Уважаемые коллеги. В нашу лабораторию поступила среда для долговременного культивирования гемопоэтических клеток MyeloCult от Stemcelltechnoilogies. До этого мне с ней работать не приходилось, поэтому возникло несколько вопросов. Если кто-нибудь уже работал с данной средой, помогите пожалуйста чайнику

Вопросы:
1)Так ли уж необходимо покрывать коллагеном поверхность чашек (в моем случае плейтов), на которых будут расти клетки? Ведь клетки фидера (фибробласты человека) вполне сносно садятся на адгезивный пластик (BD Falcon).

2)А в случае, если покрытие так важно для культивирования, можно ли использовать вместо коллагена желатин?

3)Как ингибировать пролиферацию клеток фидера?
В соответствии с мануалом к среде клетки фидера перед посадкой тестируемых клеток необходимо облучить определенной дозой радиации, дабы ингибировать их пролиферацию, но при этом не убить. Проблема в отсутствии у нас источника ионизирующего излучения, что заставляет искать альтернативный способ ингибирования пролиферации клеток фидера.

4)Какие посадочные концентрации клеток в тестируемой суспензии стоит использовать?
Вопрос не совсем корректен, но все же...хотя бы приблизительно, чтоб зря среду не тратить.
(Источник клеток: кордовая кровь, выделение в ГЭК)

1. В инструкции к MyeloCult питающие клетки M2-10B4 не синтезируют подложку. Фибробласты сами синтезируют подложку. Коллаген и желатин им не нужен.
3. Проще найти источник. Впрочем, у фибробластом есть контактное торможение. Теоритически монослой не пролиферирует.
4. 5 x 105 говорит инструкция.

2 Vadim Sharov
Спасибо.
Вам лично не приходилось иметь дело с MyeloCult?
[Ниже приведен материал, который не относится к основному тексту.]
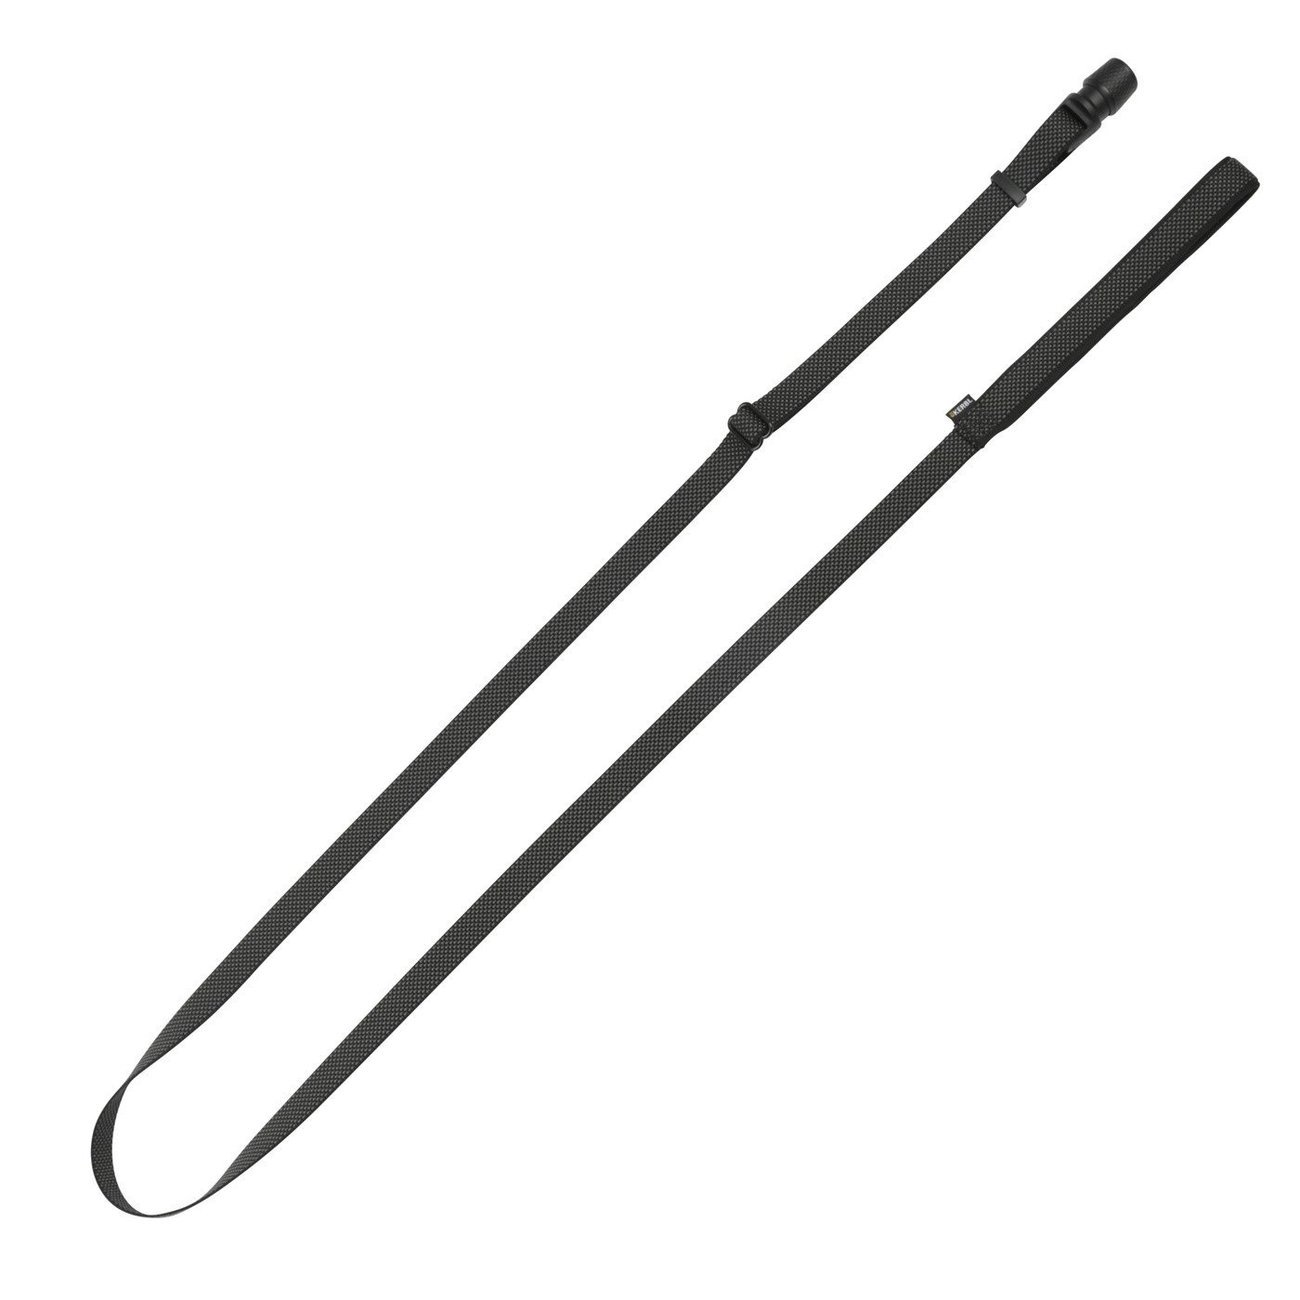 Hundeleine Flat GoLeyGo 2.0, schwarz, 20mm x 140-200cm

Инструкция эта у меня есть. Просто дела обстоят так, что приходится "оптимизировать" их методику к нашим грустным реалиям.

1. Решили попробовать для первого раза прокультивировать и с коллагеном, и без него - сравнить, так сказать, "прилипательно-распластывательную" способность.

3.С источником никак - изотопка при институте приказала долго жить, а везти фласки с клетками через весь город - та еще авантюра. Решили ингибировать пролиферацию добавлением антибиотика, но при этом возникает проблема как потом отмыть клетки от антибиотика, чтобы не было ингибирующего воздействия на исследуемые клетки. Кроме того, есть планы отдать часть клеток после культивирования на FACS, но если там будет антибиотик, то аутофлуоресценция последнего лишает цитометрию всякого смысла - уже пробовали.
Остается надеяться, что после стольких замен среды и большой продолжительности культивирования, концентрация антибиотика будет исчезающе малой, и FACS его не заметит.

В общем, придется идти методом проб и ошибок с набиванием шишек.

1. Вы же тип клеток фидерного слоя сменили. И разница будет не в среде, а в паттерне синтезируемых клетками белков. По большому счету разница между специализированными средами небольшая (лишь в названии, торговой марке и агрессивности рекламной компании), а вот меняя тип клеток Вы переходите в область "много чего не так".
Повторяю, фибробласты человека, в отличии от стандартных M2-10B4, подложку образуют.

3. Антибиотик может быть просто обратим, когда отмоете. Какой, кстати, антибиотик Вы используете? Странно называть фирму производителя пластика и не называть антибиотик.
У меня клетки 15 часов бултыхались: Нью-Йорк - Москва - Пущино. Не бойтесь. В любом случае антибиотик хуже.